- **PROBLEM**
Write the listing below out again exactly, dropping the images.
START DATASET CONTENT
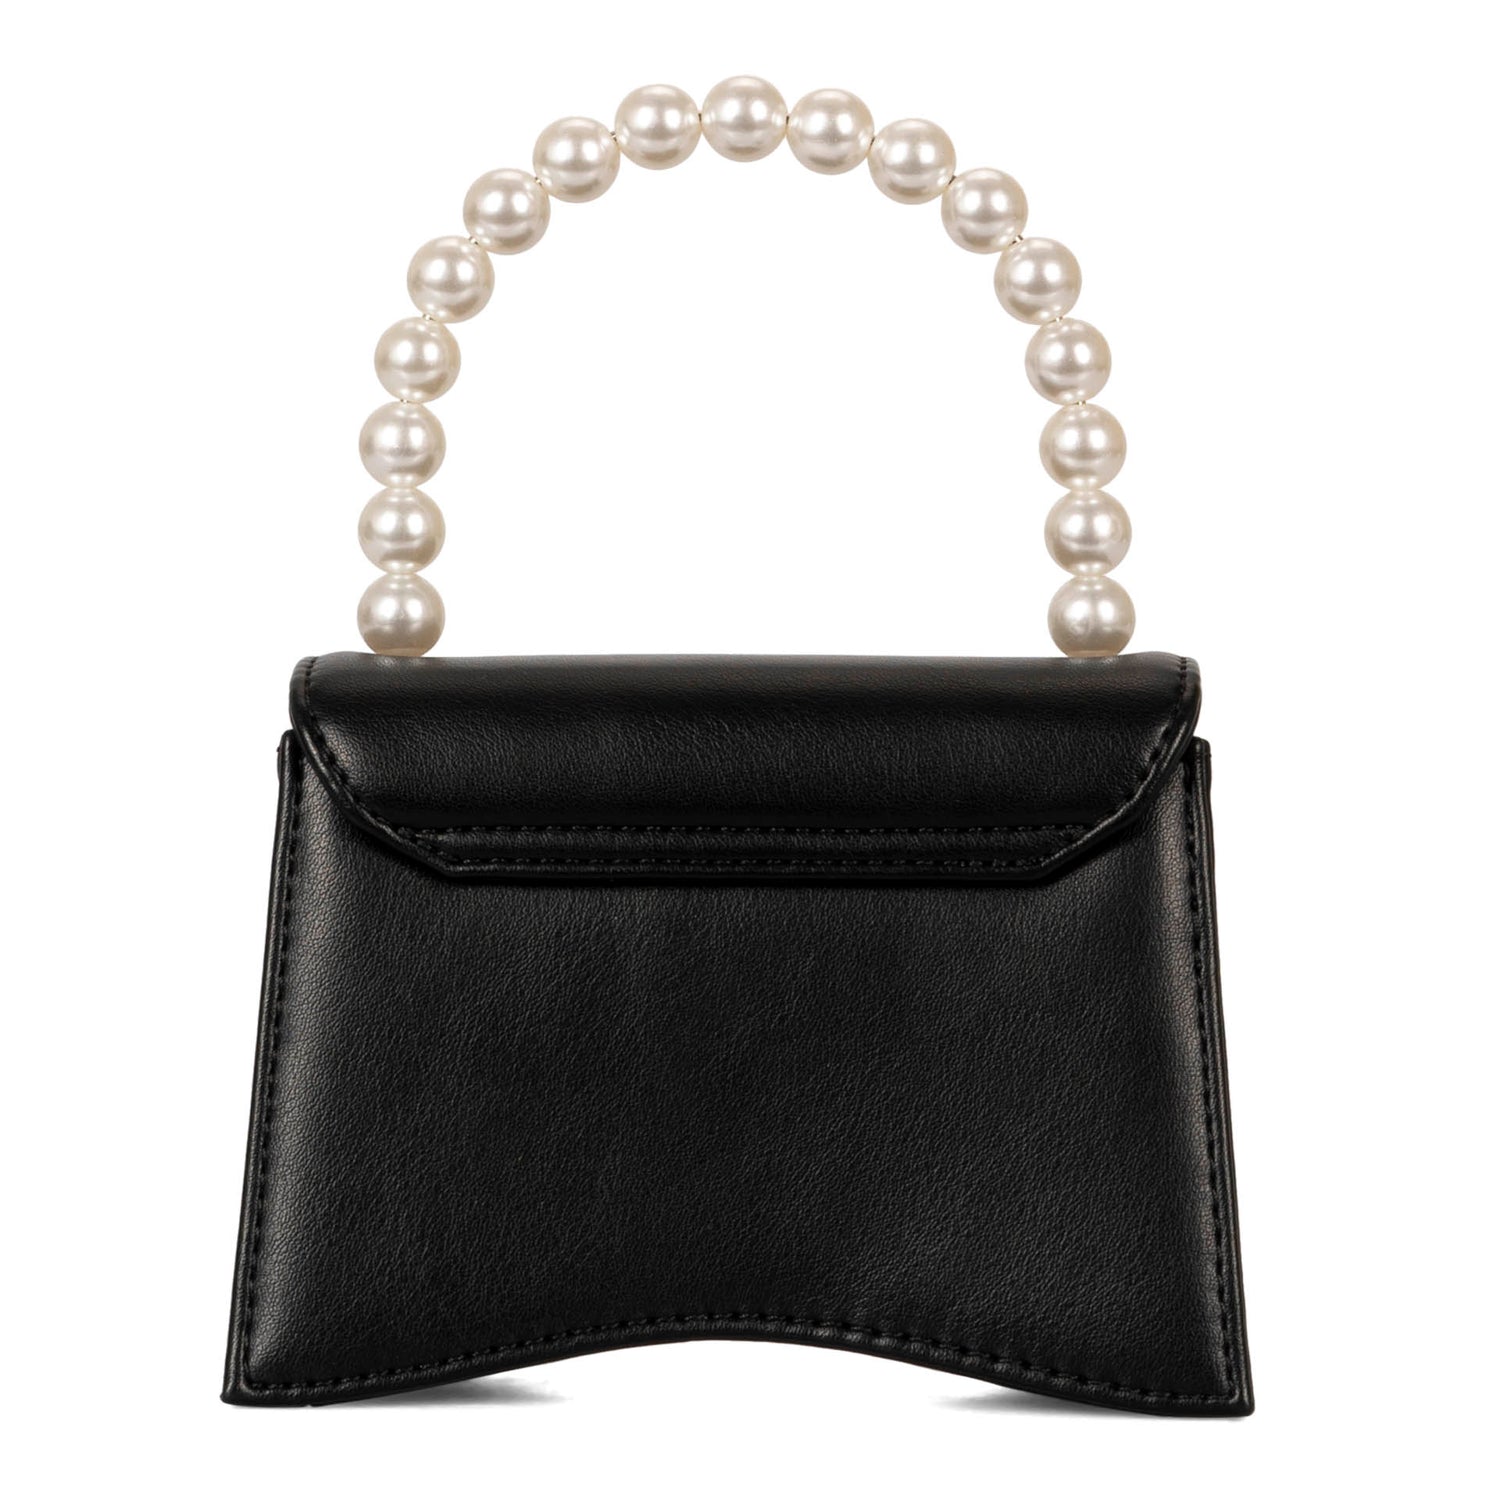 Back side view of a black vegan mini crossbody bag called Evening designed by Riona showcasing its pearl-like handle and smooth PU texture.
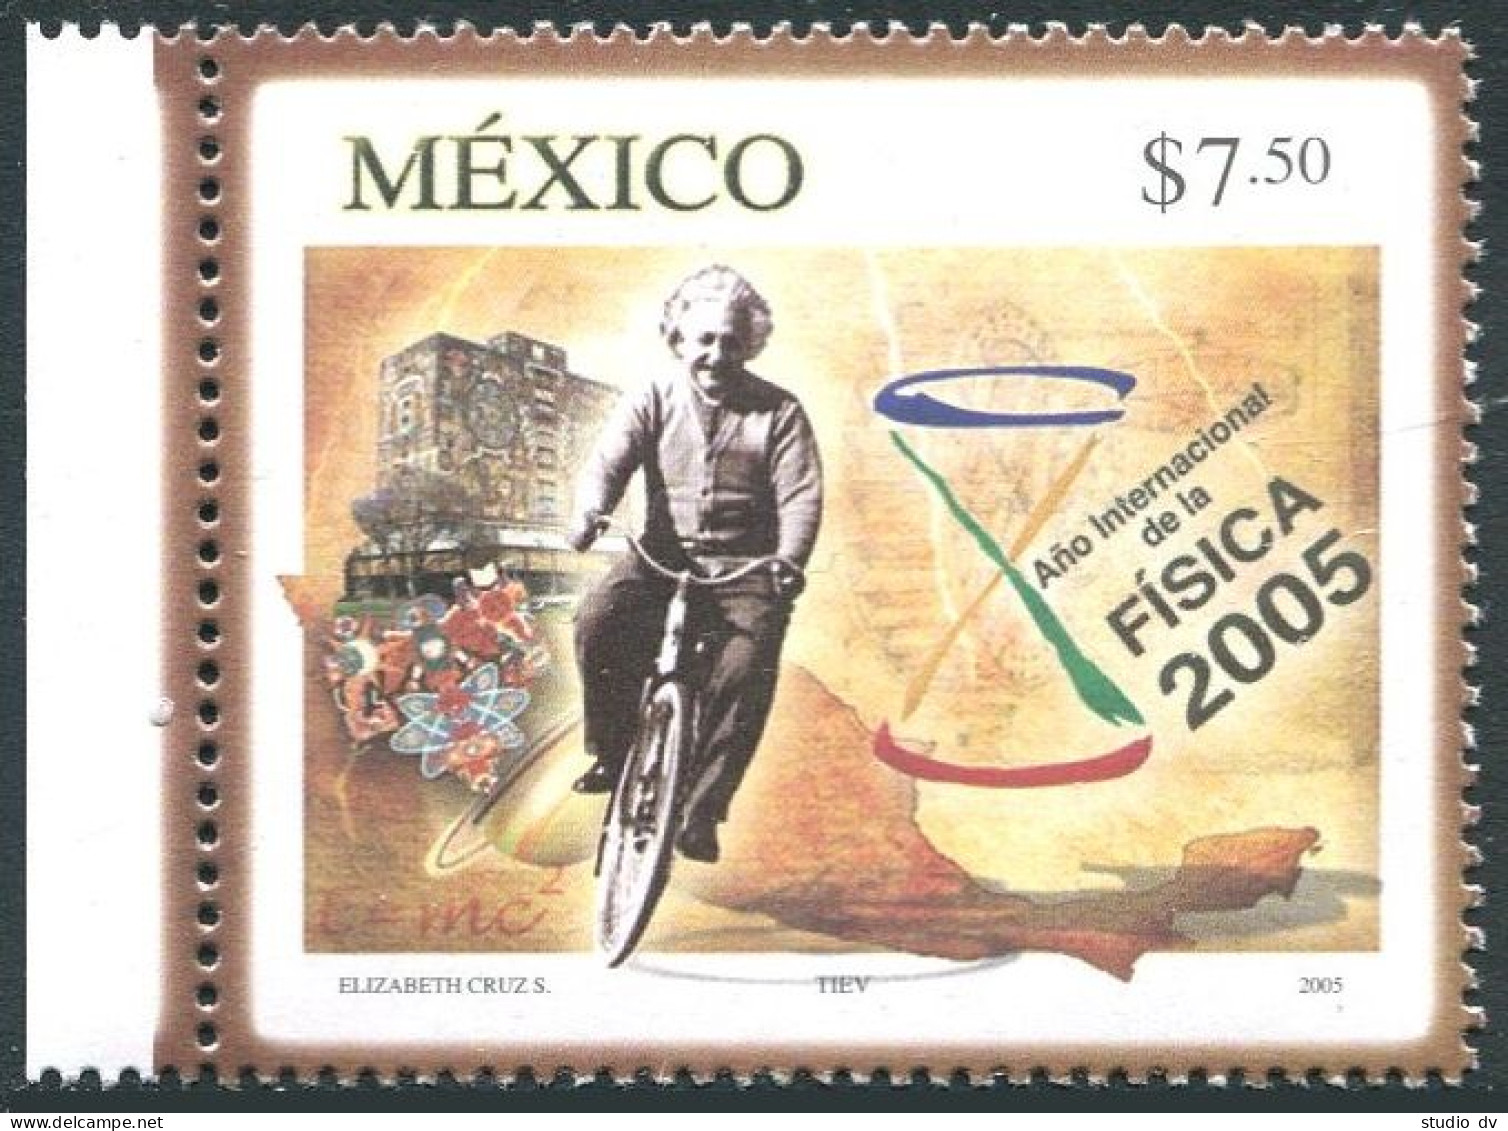 Mexico 2444, MNH. Year Of Physics, 2005. Albert Einstein, Bicycle. - Mexico
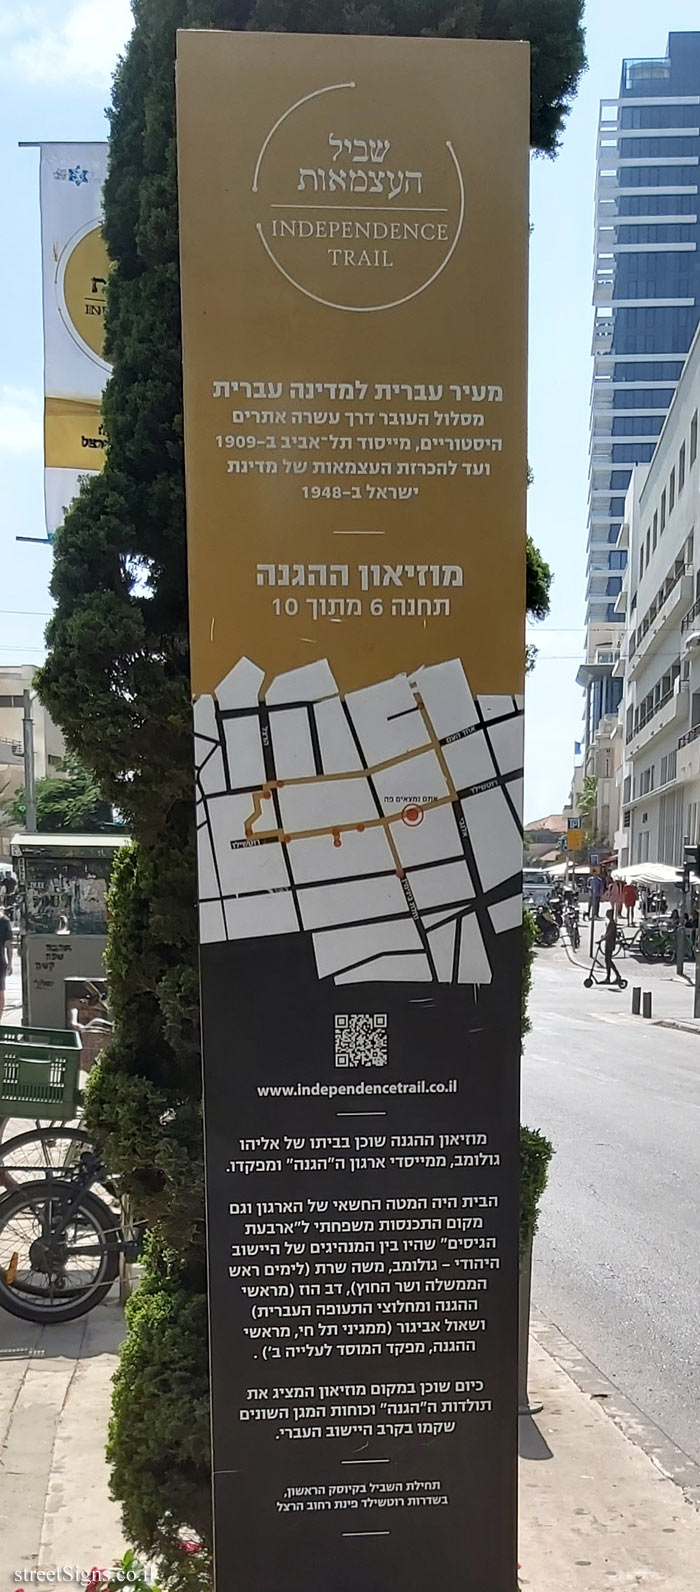 Tel Aviv - Independence Trail - The Haganah Museum - Information
END DATASET CONTENT
- **WRITTEN RESPONSE**
 Back side view of a black vegan mini crossbody bag called Evening designed by Riona showcasing its pearl-like handle and smooth PU texture.
 Mexico 2444, MNH. Year Of Physics, 2005. Albert Einstein, Bicycle. - Mexico
 Tel Aviv - Independence Trail - The Haganah Museum - Information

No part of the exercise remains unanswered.